It started out as talk among people with a common heritage and wound up as a 2,000-pound bronze tribute to Irish immigrants - one of four in the nation.
Florida’s monument to Irish immigrants was dedicated on 11 February at Nativity Parish’s Shrine of Our Lady of the Smile.
“There isn’t anything in Florida to Irish immigrants and they played such a large part,” said Michele O’Brien, director of after-school care and the Rite of Christian Initiation of Adults at Nativity. “There is quite an Irish influence here with all the Irish priests who came over.”
Indeed, the Irish-born O’Brien serves as secretary to Nativity’s pastor, the also Irish-born Fr Patrick Murnane. She explained that the idea for the memorial came from a group of Irish people in Broward and Palm Beach counties who come together on a regular basis.
“It blossomed into this, which is very nice,” O’Brien said.

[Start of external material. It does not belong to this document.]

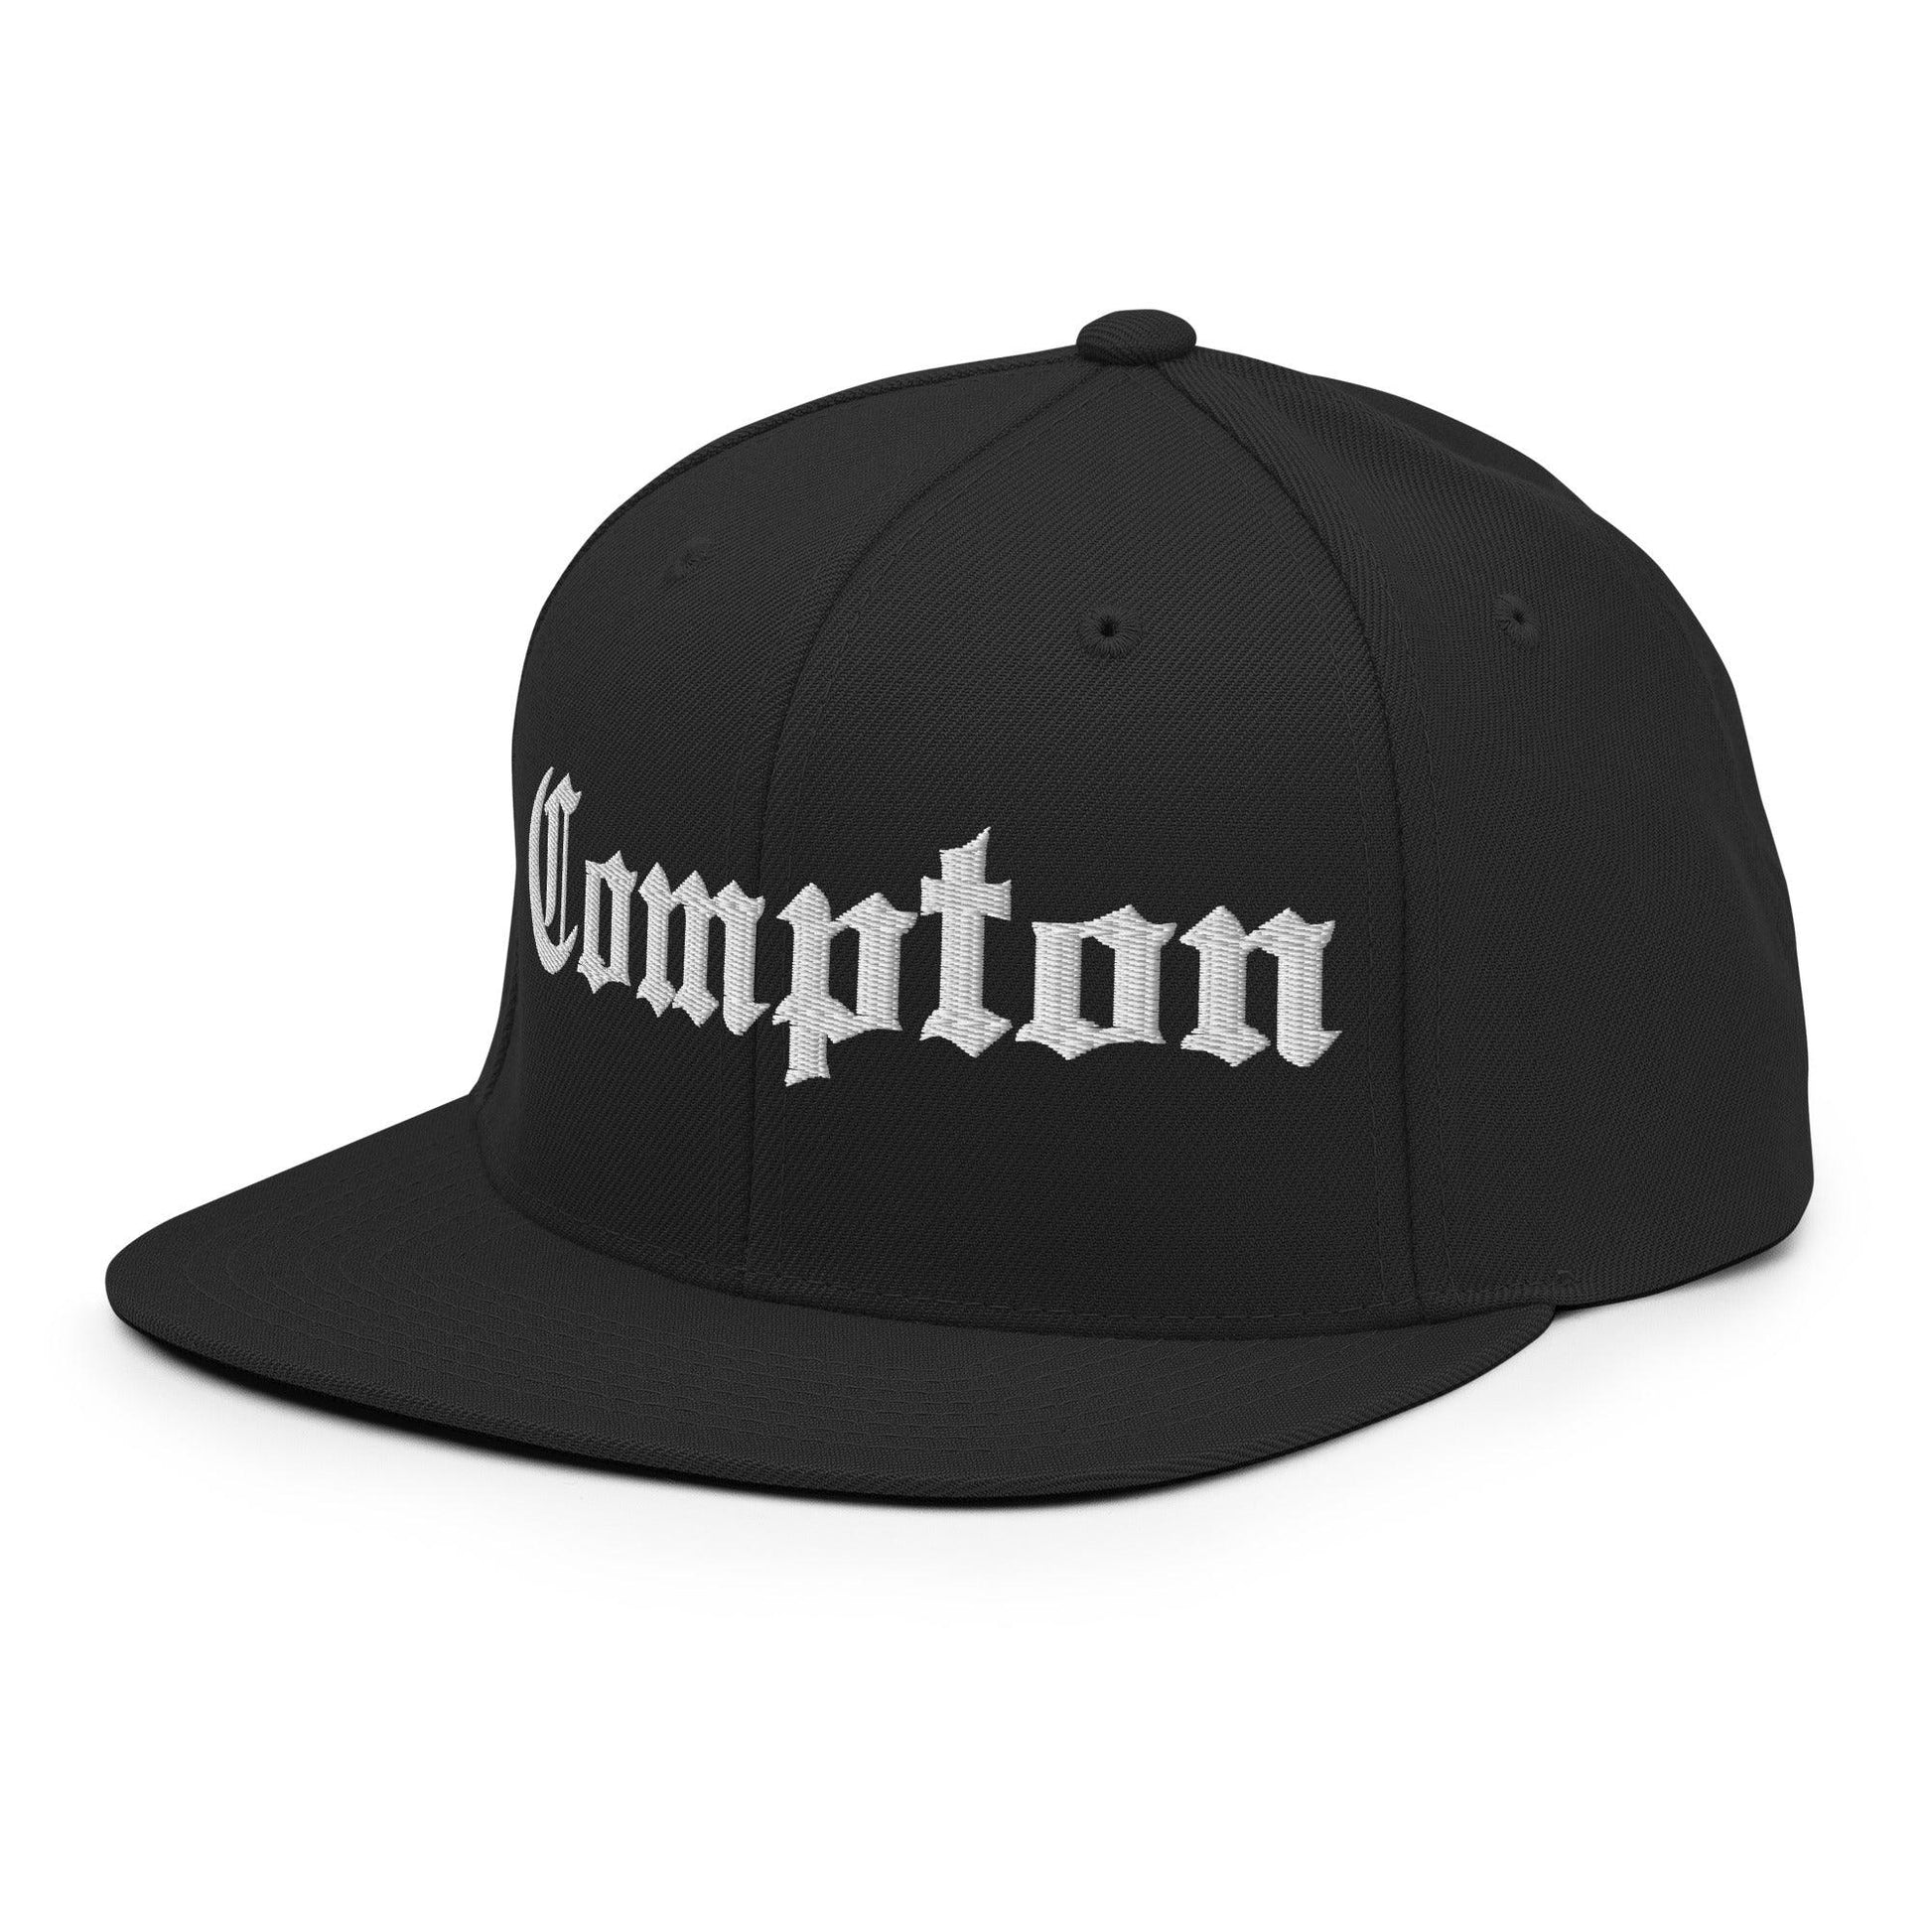 Compton OG Old English Snapback Hat Black

“This” is a 2,000-pound bronze statue created by sculptor Robert St. Croix, who recently completed a massive crucifix for St. Joan of Arc Parish in Boca Raton, Fla. The statue depicts a man and woman holding an infant and their daughter looking over a ship’s railing. The little girl is pointing at something in the distance, and the father and mother also have a far-away look.
According to O’Brien, there are three monuments to Irish immigrants nationwide, including one in New York and one in Boston. Florida’s will be the fourth. But this one is far bigger than the others.
It is housed at Nativity because “Fr (Murnane) had the space down here,” O’Brien said.
Our Lady of the Smile is an outdoor shrine next to the parish church that houses tributes to unborn children, Blessed Mother Teresa and other saints.
According to O’Brien, 1.5 million Irish immigrants came to the United States during the years of the great famine, and another 1.5 million died in Ireland.
“The Irish had their own holocaust,” she said. “They came with their religion. It was such an influence at that time in this country.”
But Fr Murnane said the monument is not just intended as a tribute to the past, but as a reminder for the present.
“This monument represents all immigrants,” he said. “We should not be prejudiced or tough on people who try to seek out a living (by coming here.) That’s what America was built on, really.
“I don’t know what’s going to happen if (the government) stops them from coming in. It’s going to be America’s loss,” Fr Murnane added.
He noted that donations for the sculpture have come from members of all immigrant groups, including Cubans.
And the Irish are not the only ones who are moved when they see it, O’Brien said.
“I had this Italian lady come up to me and she said, ‘Wait until my husband sees this because his parents came over in a ship just like that.’”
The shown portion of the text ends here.